But to hell with pain! Even if that's all left to this love, I'd stll fight for you.




But how can you fight a losing battle?




How can you fight for someone who had already given up?




Thinking about it now still hurt a little but it's all in the past. My only regret is that I did'nt get to say goodbye. I just left like nothing happened. I left things as it is. I didn't even asked why you gave up.



I was so hurt to even think straight that's why I ran away. Ran away to another country to forget even if I know I couldn't.




Now, after years of sleepless nights, I gathered all the courage that I can to face the only person on Earth that I can never, no matter how hard I try, ever forget.




I don't know if you still live in the same place but it's worth trying to go there.
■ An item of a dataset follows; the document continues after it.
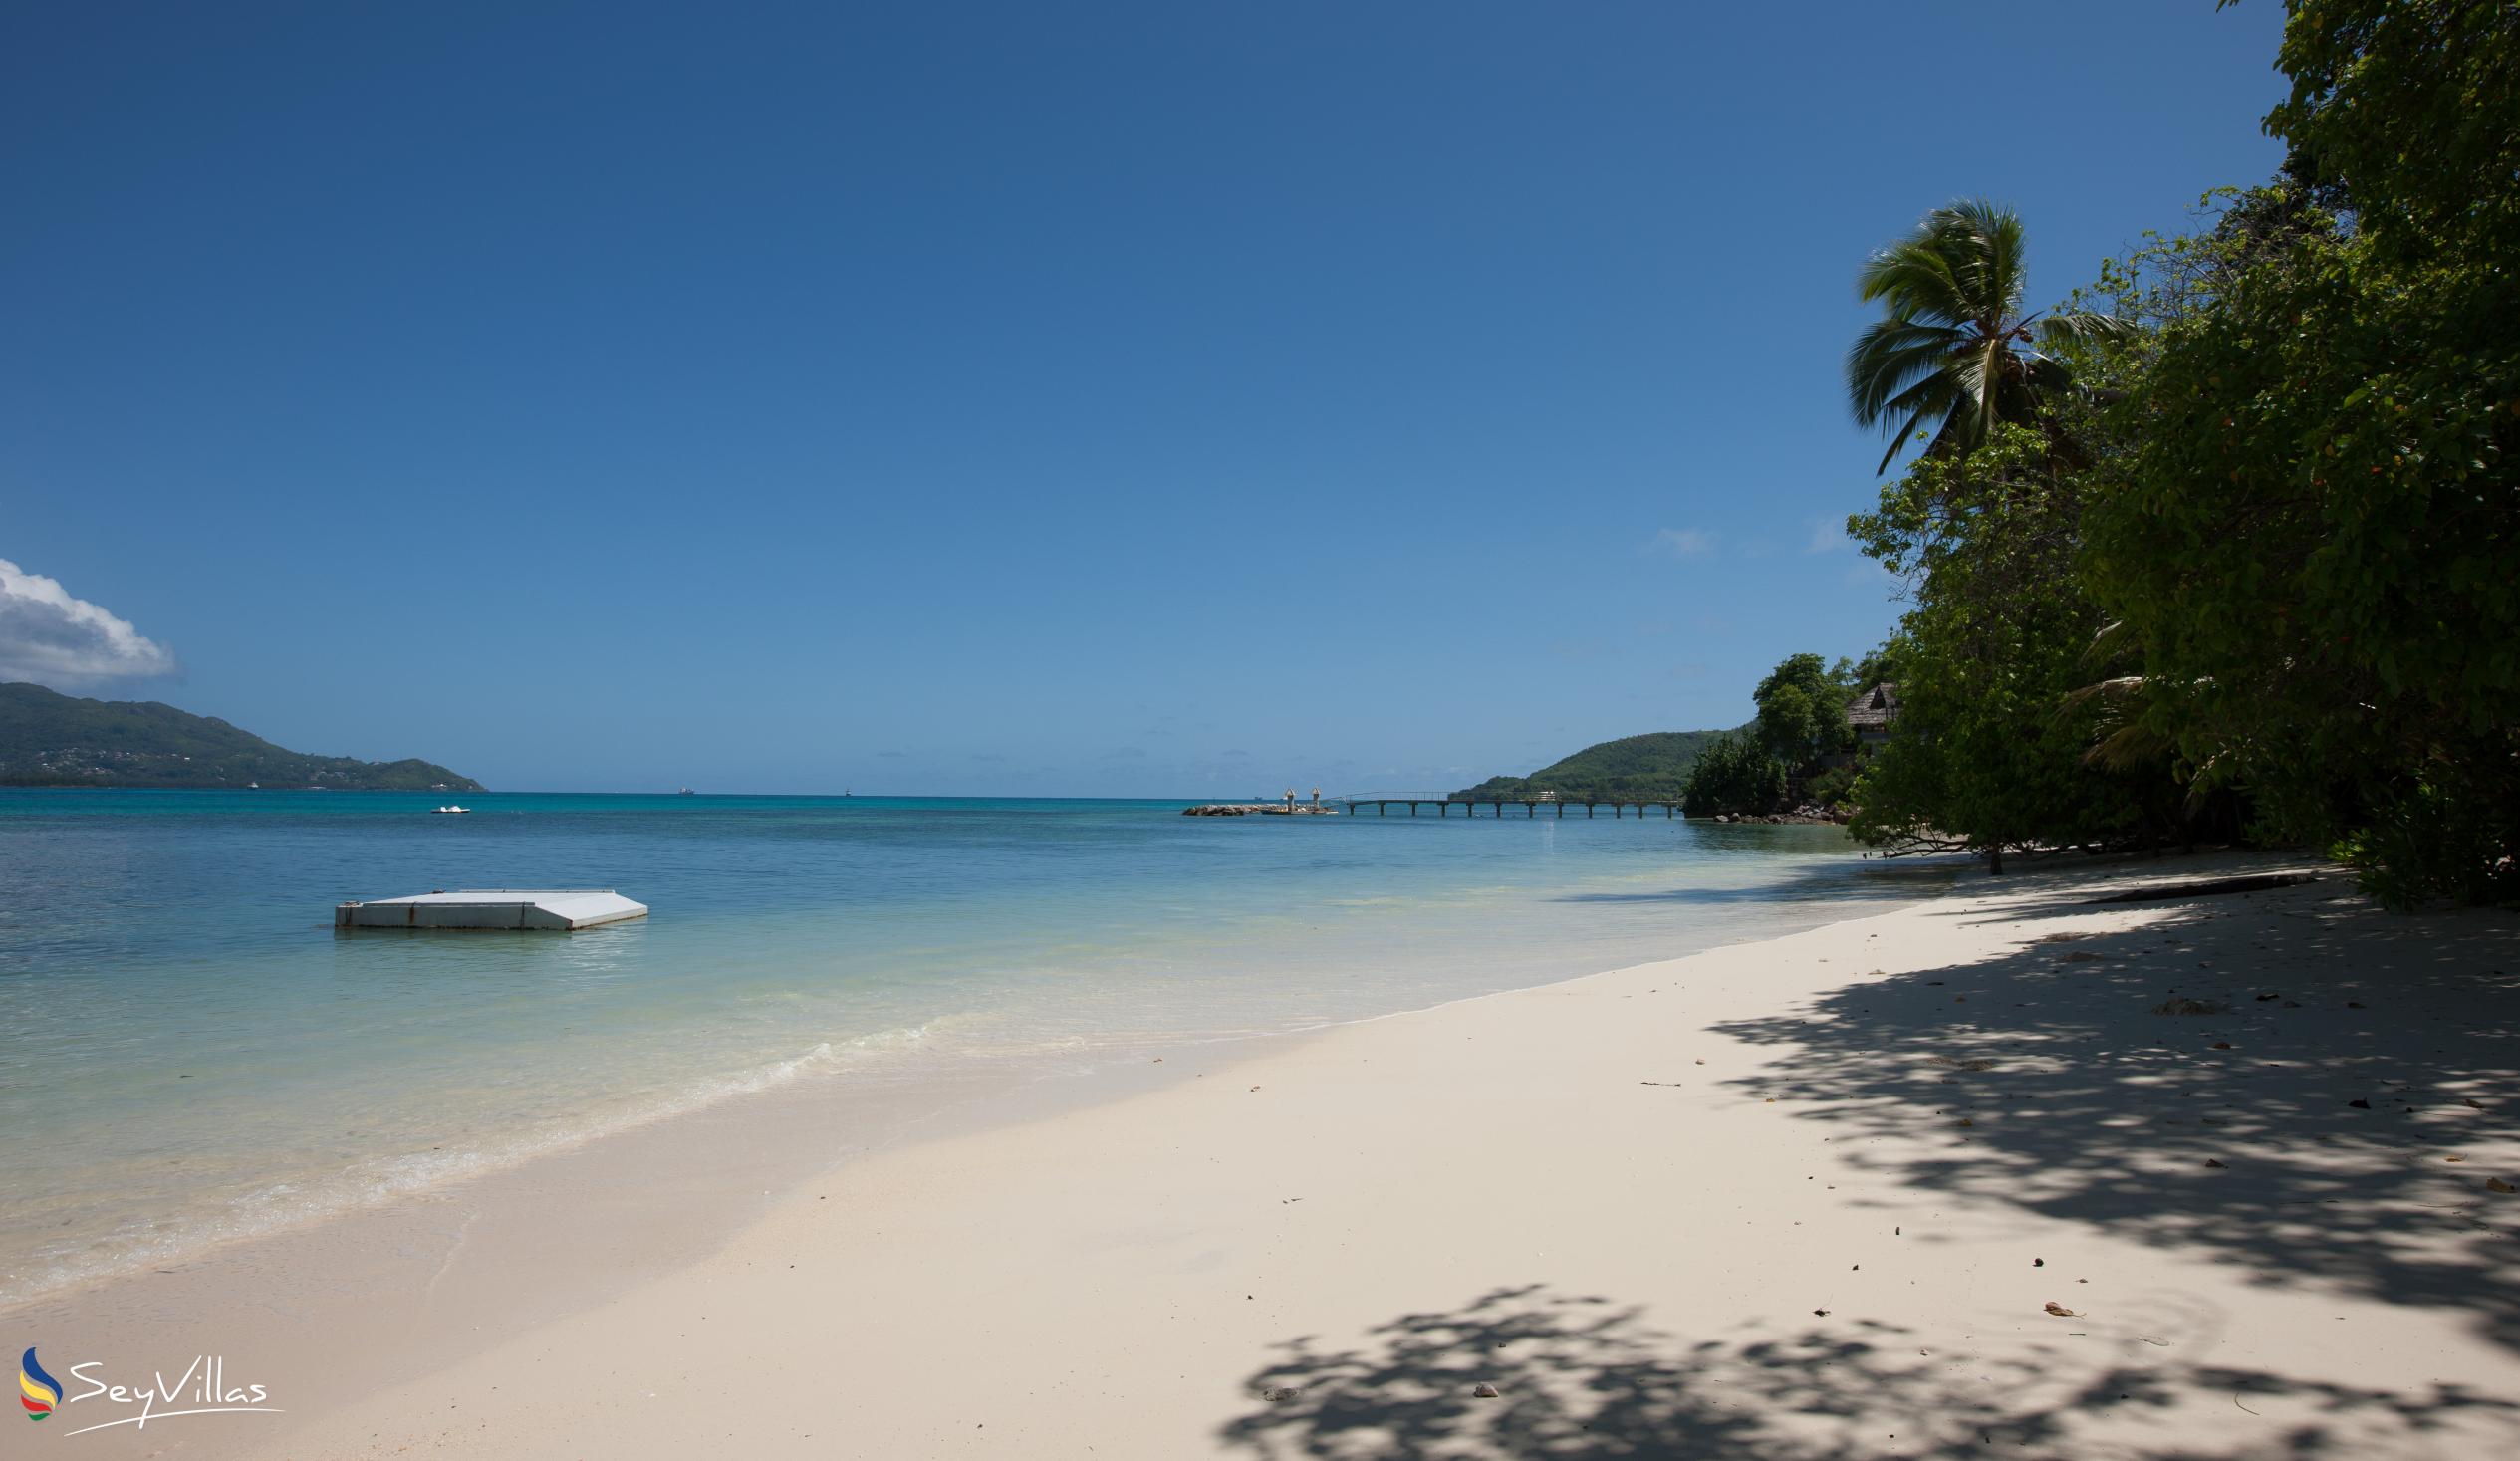 Photo 9: Takamaka Beach - Cerf Island (Seychelles)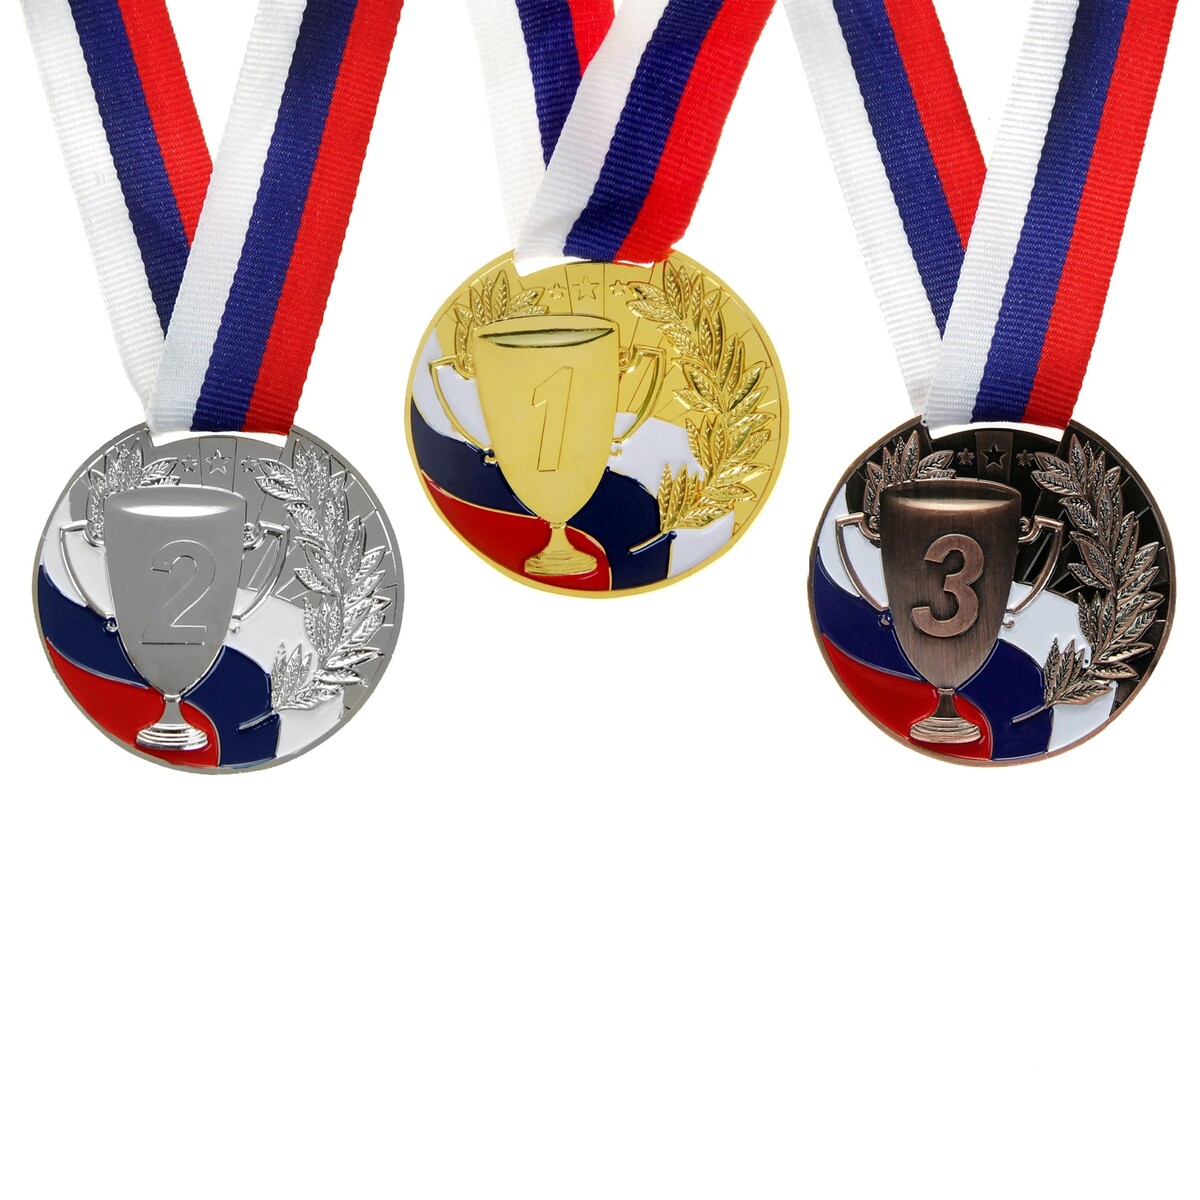 Медаль призовая 013 диам 5 см. 3 место, триколор. цвет бронз. с лентой медаль призовая 193 диам 3 5 см 3 место триколор бронз без ленты

Walking in the streets where we usually walk hand in hand only reminded me of the good stuff. How I walk you to your door every night, how we steal kisses under the street lights, talk nonstop while watching the stars and how we sneak out in the middle of the night to be together.



I was disappointed when I didn't find you there but I couldn't give up. I went to your parent's house hoping you were there but it's like fate opposes, you weren't there. I was about to go home when your sister handed me something.



It was a note with an address written on it. I couldn't be thankful enough for her. It's strange though, do you work here? not that it matters. I only want to see you again.



I couldn't sleep all night. I was thinking what would be your reaction, will you be glad to see me? Angry? I was still thinking about it that I didn't realize that I arrived at the address your sister left me.




I asked the receptionist where to find you and she lead me to a room. My heart beats wildly the closer I get to you. The lady opened the door and my heart sank at the view infront of me.




"He never gets any visitors so I'm sure he'd be glad to see you"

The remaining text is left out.